Many reviews, “likes”, tweets or spam flags are made by users (sometimes Botnet operators, sometimes business competitors) with a bad intent, gaming the system on a large scale. Greed is also part of the problem: if fake “likes’ generate revenue for Facebook and advertisers don’t notice, let’s feed these advertisers (at least the small guys) with more fake “likes”, because (we think) that we don’t have enough relevant traffic to serve all advertisers, and we want good traffic to go to the big guys. When the small guys notice, either discontinue the practice (come up with new idea) or wait till you get hit by a class action lawsuit: $90 million is peanuts for Facebook, and that’s what Google and others settled for when they were hit by a class action lawsuit for delivering fake traffic.
Yet there is a solution that benefits everyone (users, companies such as Google, Amazon, Netflix, Facebook or Twitter, and clients): better use of data science. I’m not talking about developing sophisticated, expensive statistical technology, but just simply switching to using better metrics, different weights (e.g. put less emphasis on data resulting from crowd-sourcing), better linkage analysis, association rules to detect collusion, Botnets and low frequency yet large-scale fraudsters, and better frequently updated look-up tables (white lists of IP addresses). All this without slowing down existing algorithms.
Here’s one example for social network data: instead of counting the number of “likes” (not all “likes” are created equal), do:
- Look at users that produce hundreds of “likes” a day, and “likes” arising from IP addresses that are flagged by Project Honeypot or Stop Forum Spam. Don’t put all your trust in these two websites – they also, at least partially, rely on crowd-sourcing (users reporting spam) and are thus subject to false positives and abuse.
- If two hundred “likes” result in 0 comment or 50 versions of the same “this is great”, “great post” comment, then clearly we are dealing with a case of fake “likes”. The advertiser should not be charged, and the traffic source identified and discontinued.
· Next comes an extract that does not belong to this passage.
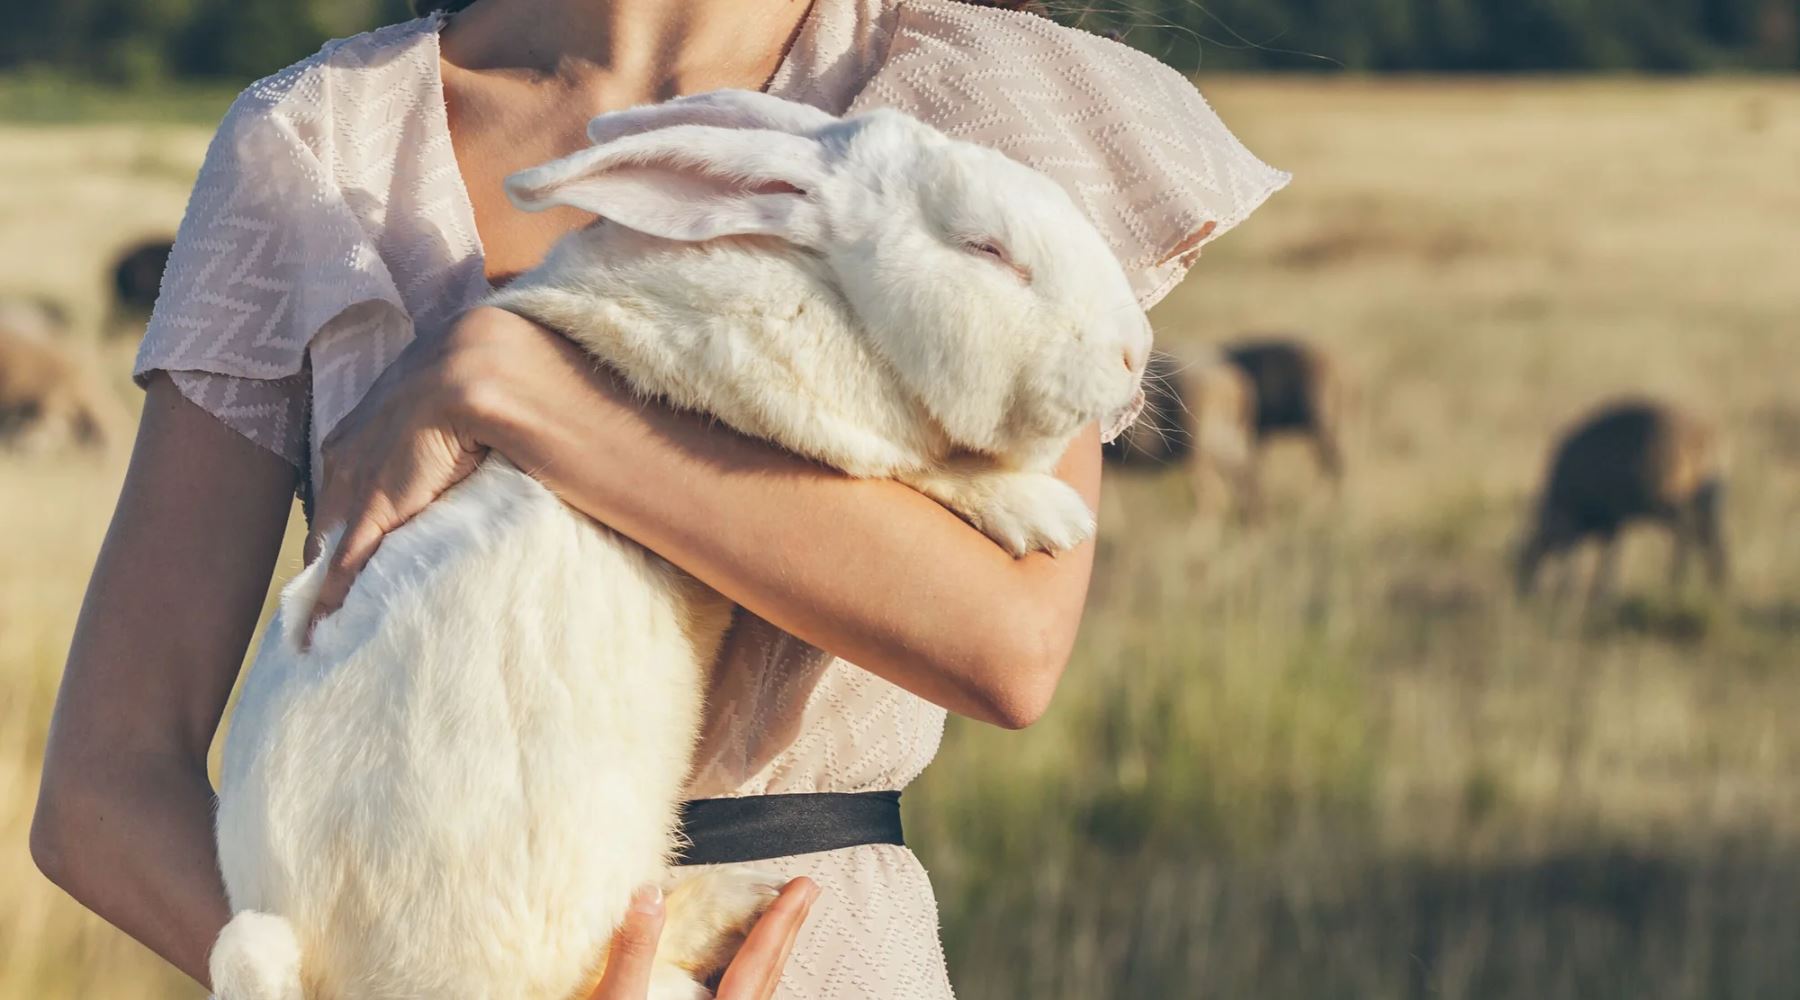 6 Tips For Switching To Cruelty-Free Skincare

- Look at buckets of traffic with high proportion of low quality users coming back too frequently with two “likes” a day, with red flags such as no referral domain or tons of obscure domains, IP address frequently not resolving to a domain, traffic coming from a sub-affiliate, etc.
- Also metric such as unique users are much more robust (more difficult to fake) than page views – but you still need to detect fake users.
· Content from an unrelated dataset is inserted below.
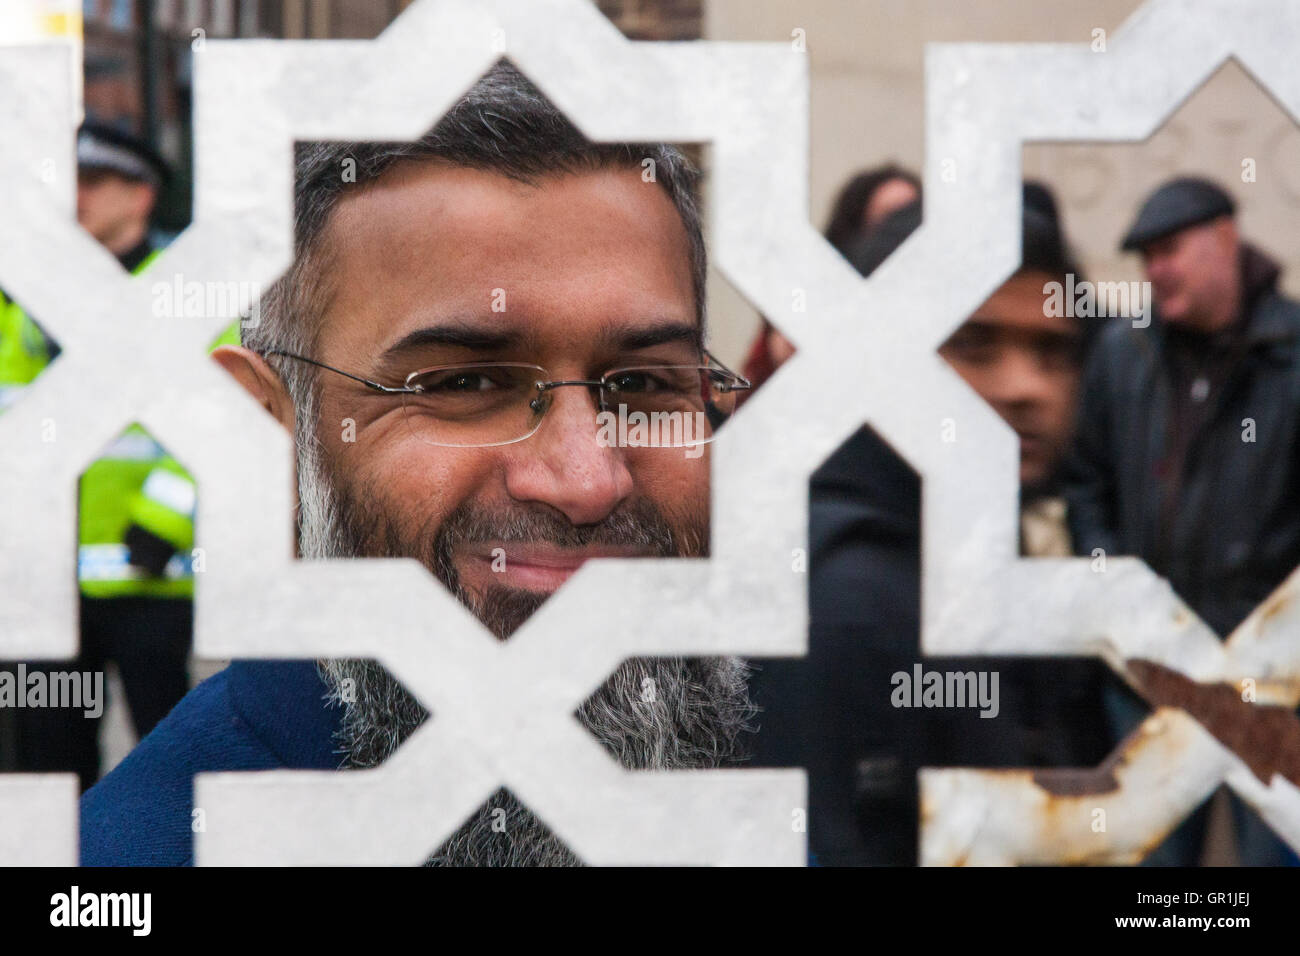 Brick Lane, London, December 13th 2013. Anjem Choudary, pictured, leads his 'Sharia Project' as they demonstrate in Brick Lane against the consumption of Alchohol blaming most of society's ills on drinking, and demanding that strict Sharia law be imposed to replace 'man-made' laws. Credit:  Paul Davey/Alamy Live News Stock Photo

- Use a simple, robust, fast, data-driven (rather than model-driven) algorithm to score “likes” and comments, such as hidden decision trees. You can even compute confidence intervals for scores without any statistical modeling.
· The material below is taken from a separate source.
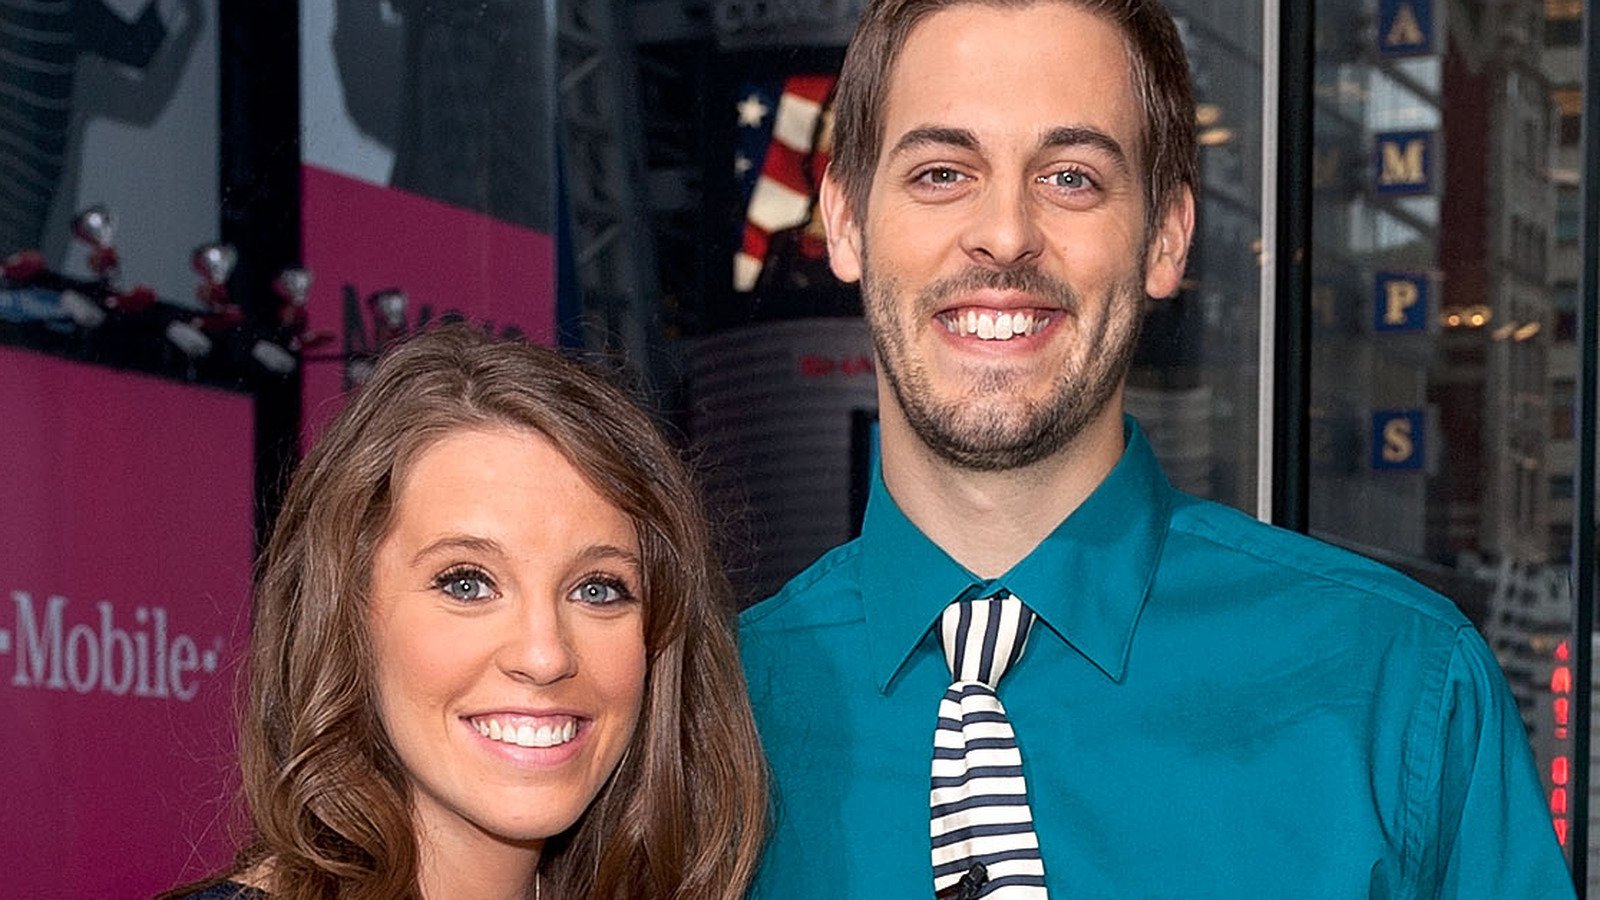 The Real Reason Jill Duggar And Derick Dillard Left Counting On - The List

- Create or improve ad relevancy algorithms with simple taxonomy concepts. This applies to many all applications where relevancy is critical, not just ad delivery. It also means better algorithms to detect influential people (in one example you had to be member of PeerIndex to get a good score), to better detect plagiarism, to better detect friends, to better score job applicants, to improve attribution systems (advertising mix optimization including long-term components in statistical models) and the list goes on and on.
The opposite problem also exists:
When you can analyze data (usually in real time with automated algorithms) and extract insights faster than it can be delivered to and digested by the end user (executives and decision makers). It’s bad when the decision makers get flooded with tons of un-prioritized reports.
Sometimes, this type of situation arises with machine-talking-to-machine, e.g. eBay automatically pricing million of bid keywords every day and feeding these prices automatically to Google Adwords via the Google API.
Similarly, I produced cluster simulations faster than a real-time streaming device can deliver them to a viewer: I called it FRT for faster than real time.